> **Assignment**
Return all the lines below exactly. Any picture among them is omitted.

> **Data**
□ □ □

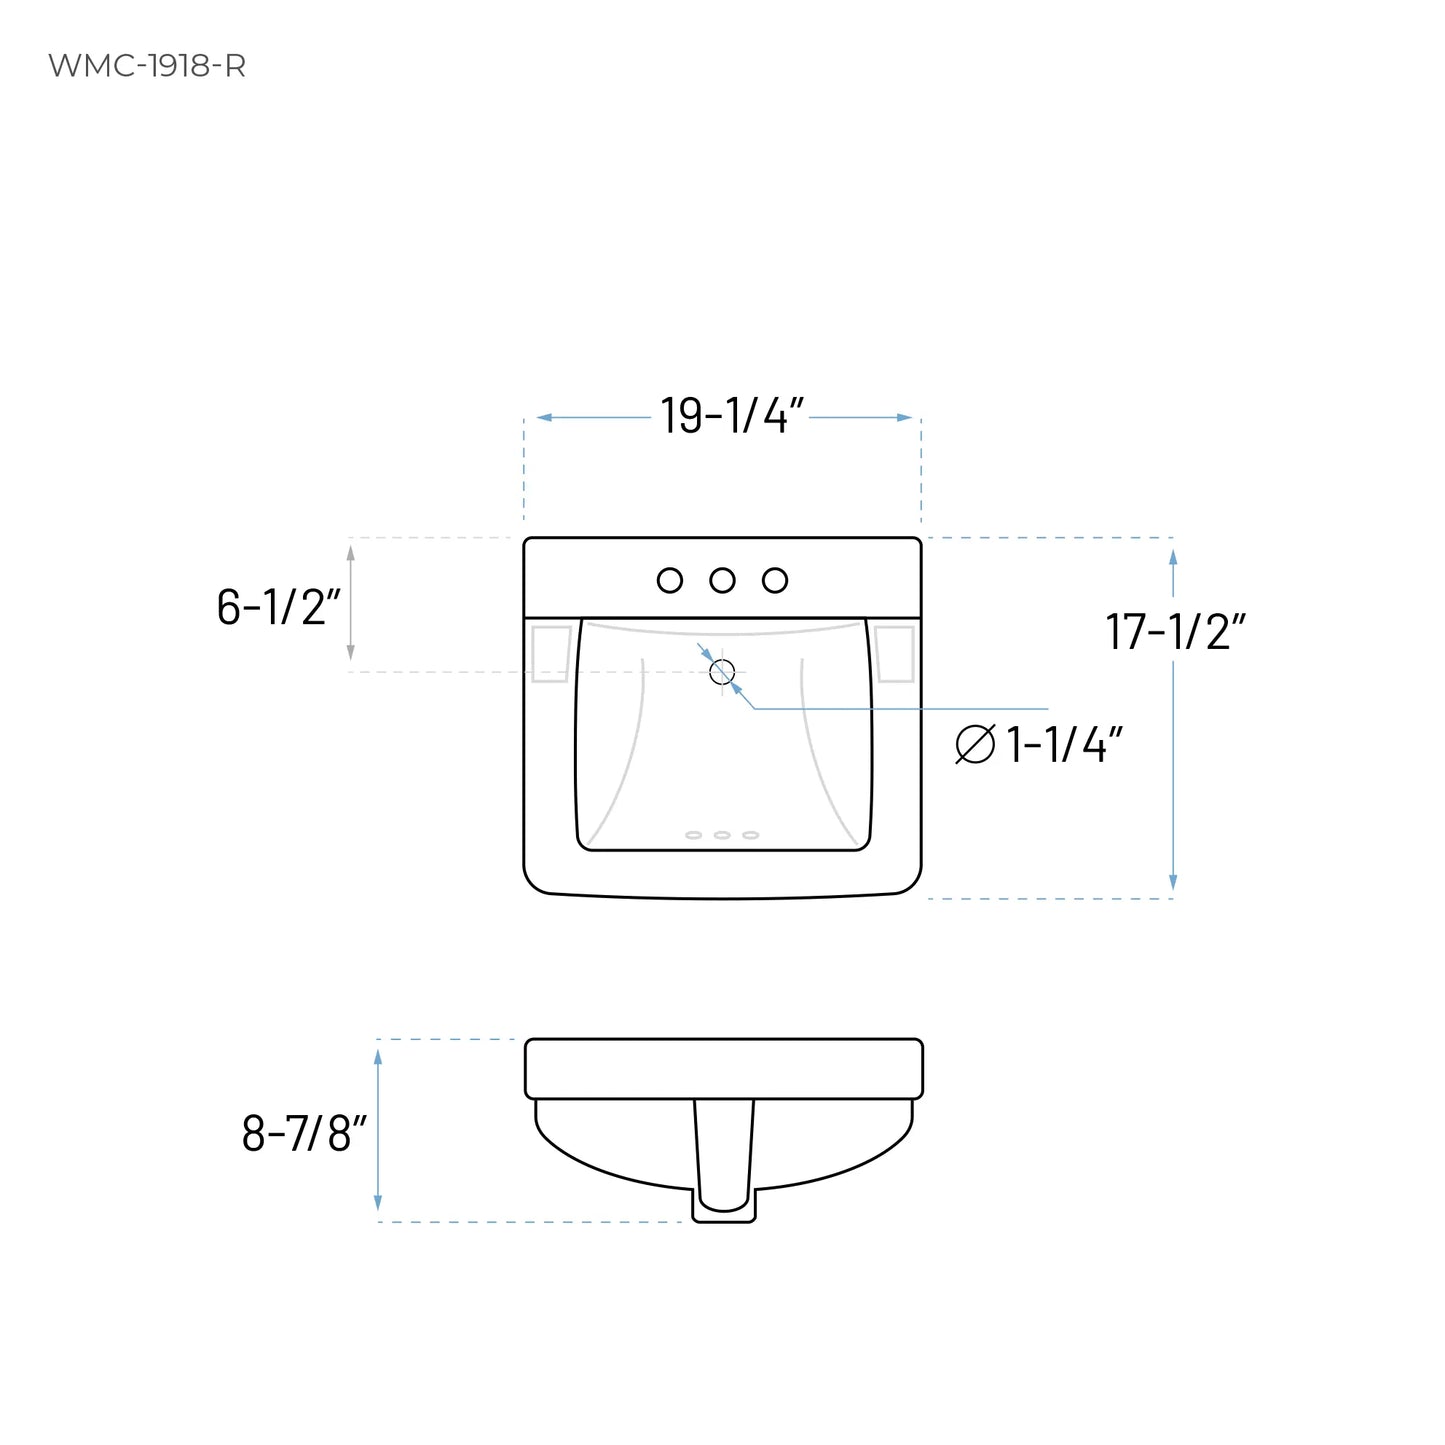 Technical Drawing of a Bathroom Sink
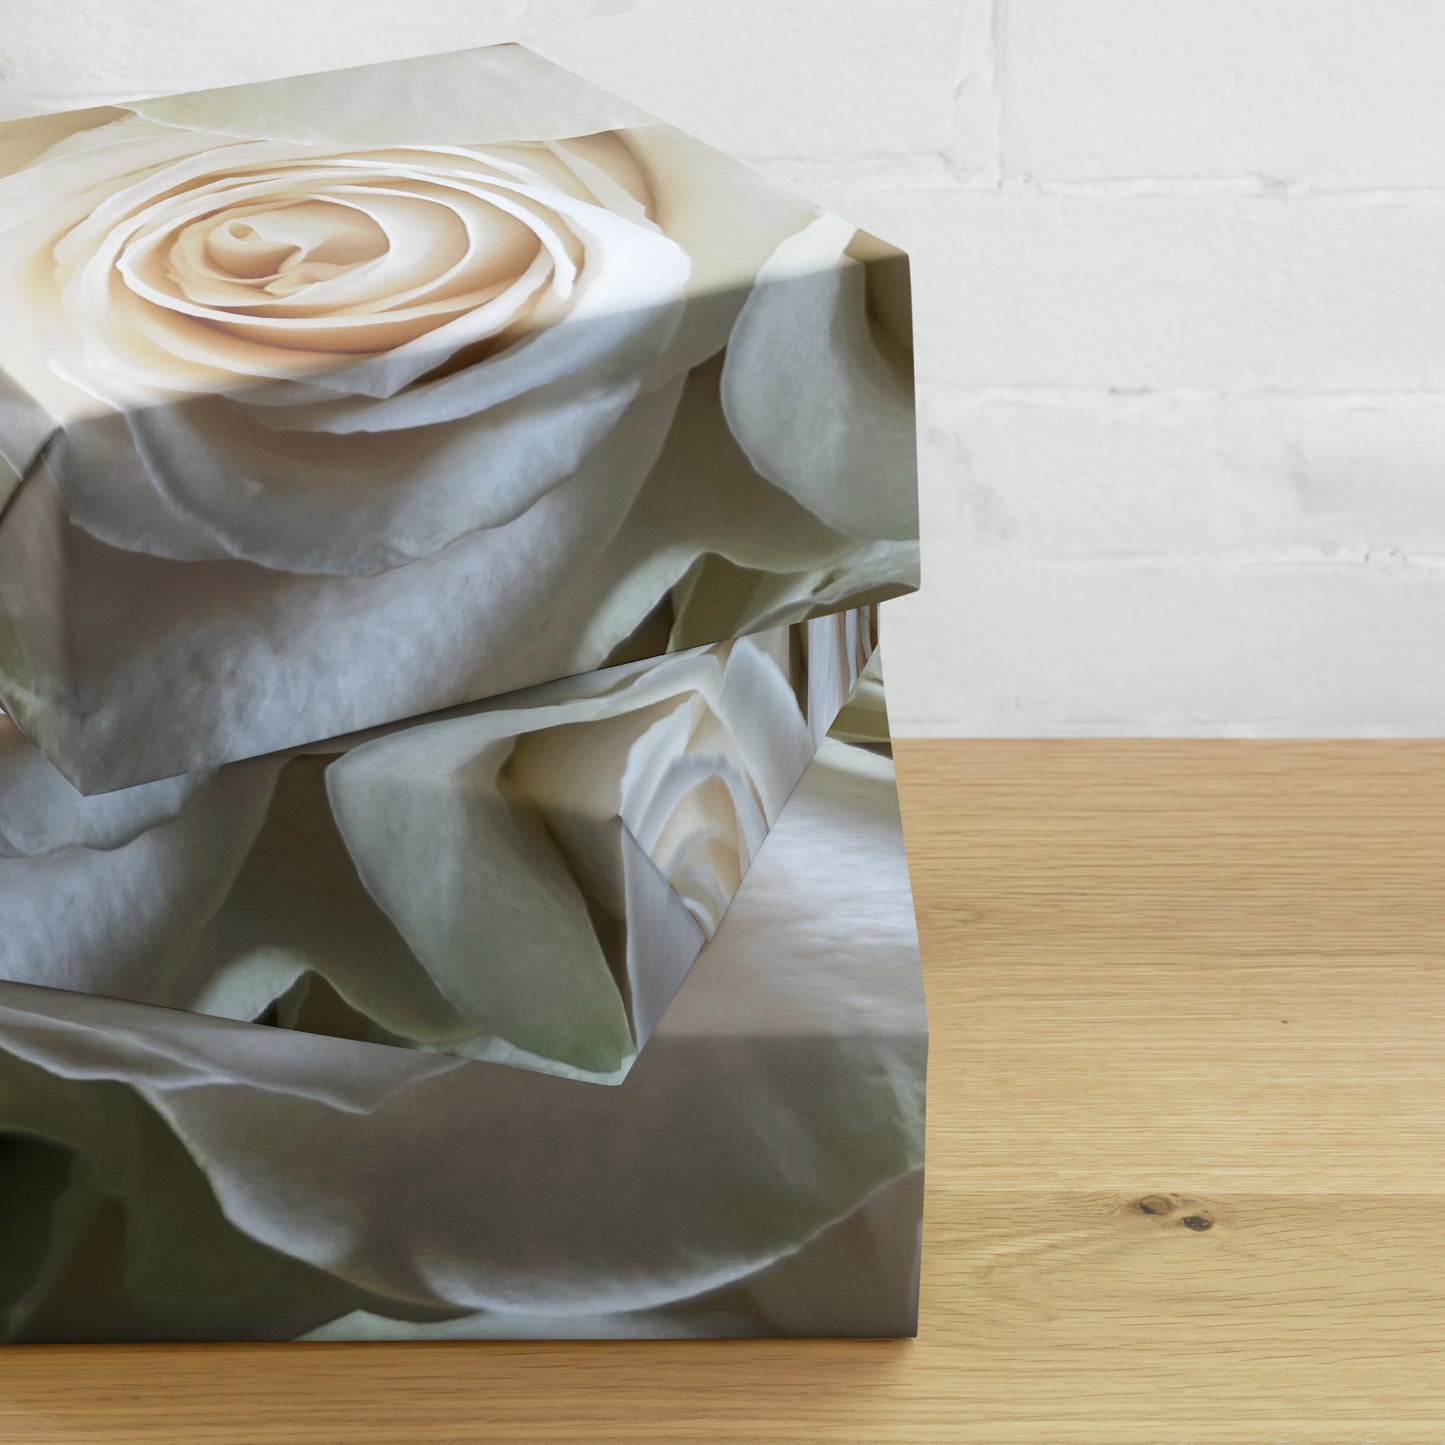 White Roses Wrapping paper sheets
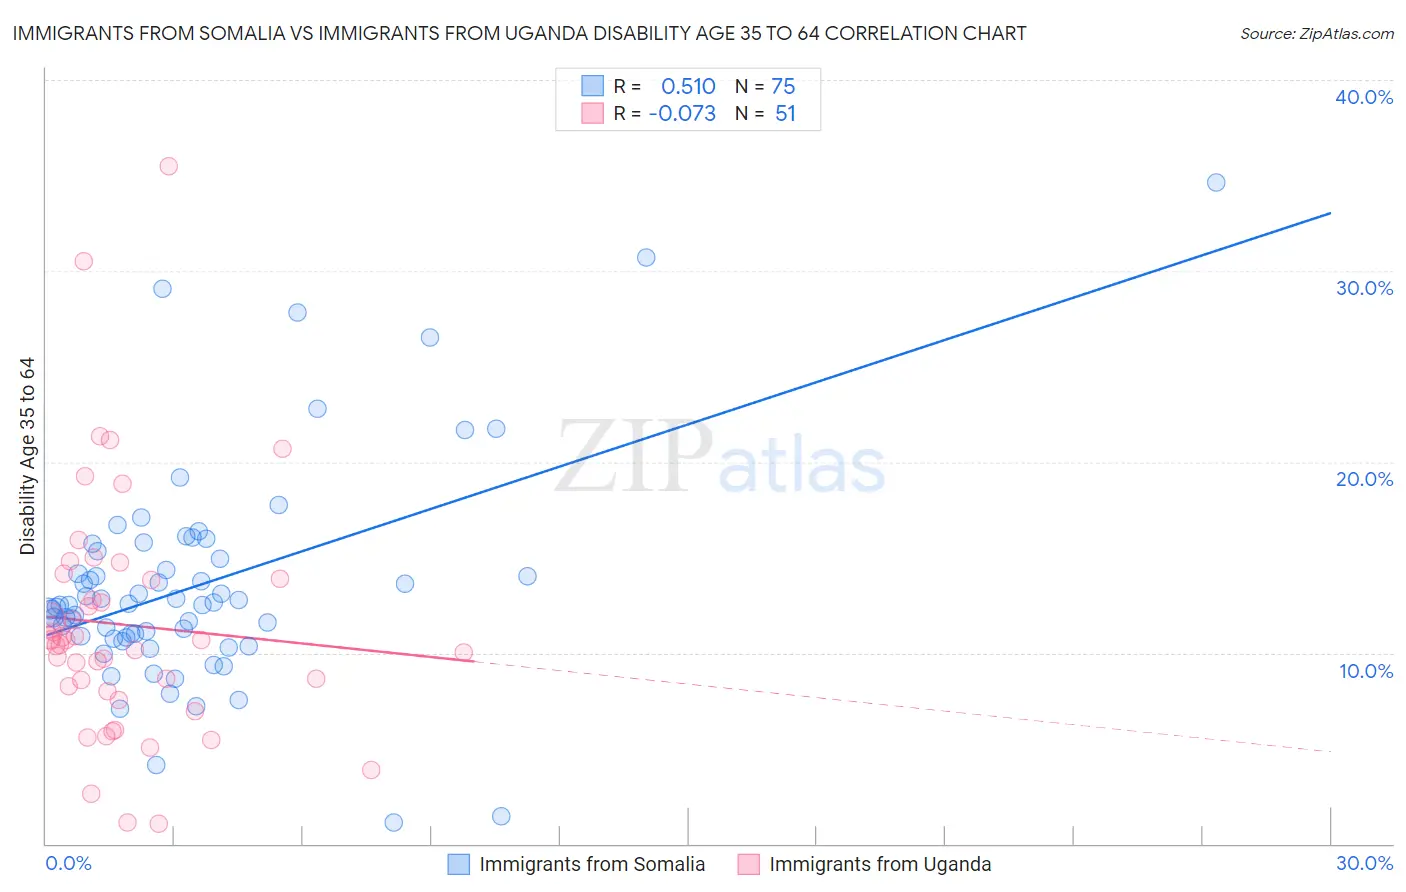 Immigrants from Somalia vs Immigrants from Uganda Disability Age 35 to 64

□ □ □

> **Result of this exercise**
 Technical Drawing of a Bathroom Sink
 White Roses Wrapping paper sheets
 Immigrants from Somalia vs Immigrants from Uganda Disability Age 35 to 64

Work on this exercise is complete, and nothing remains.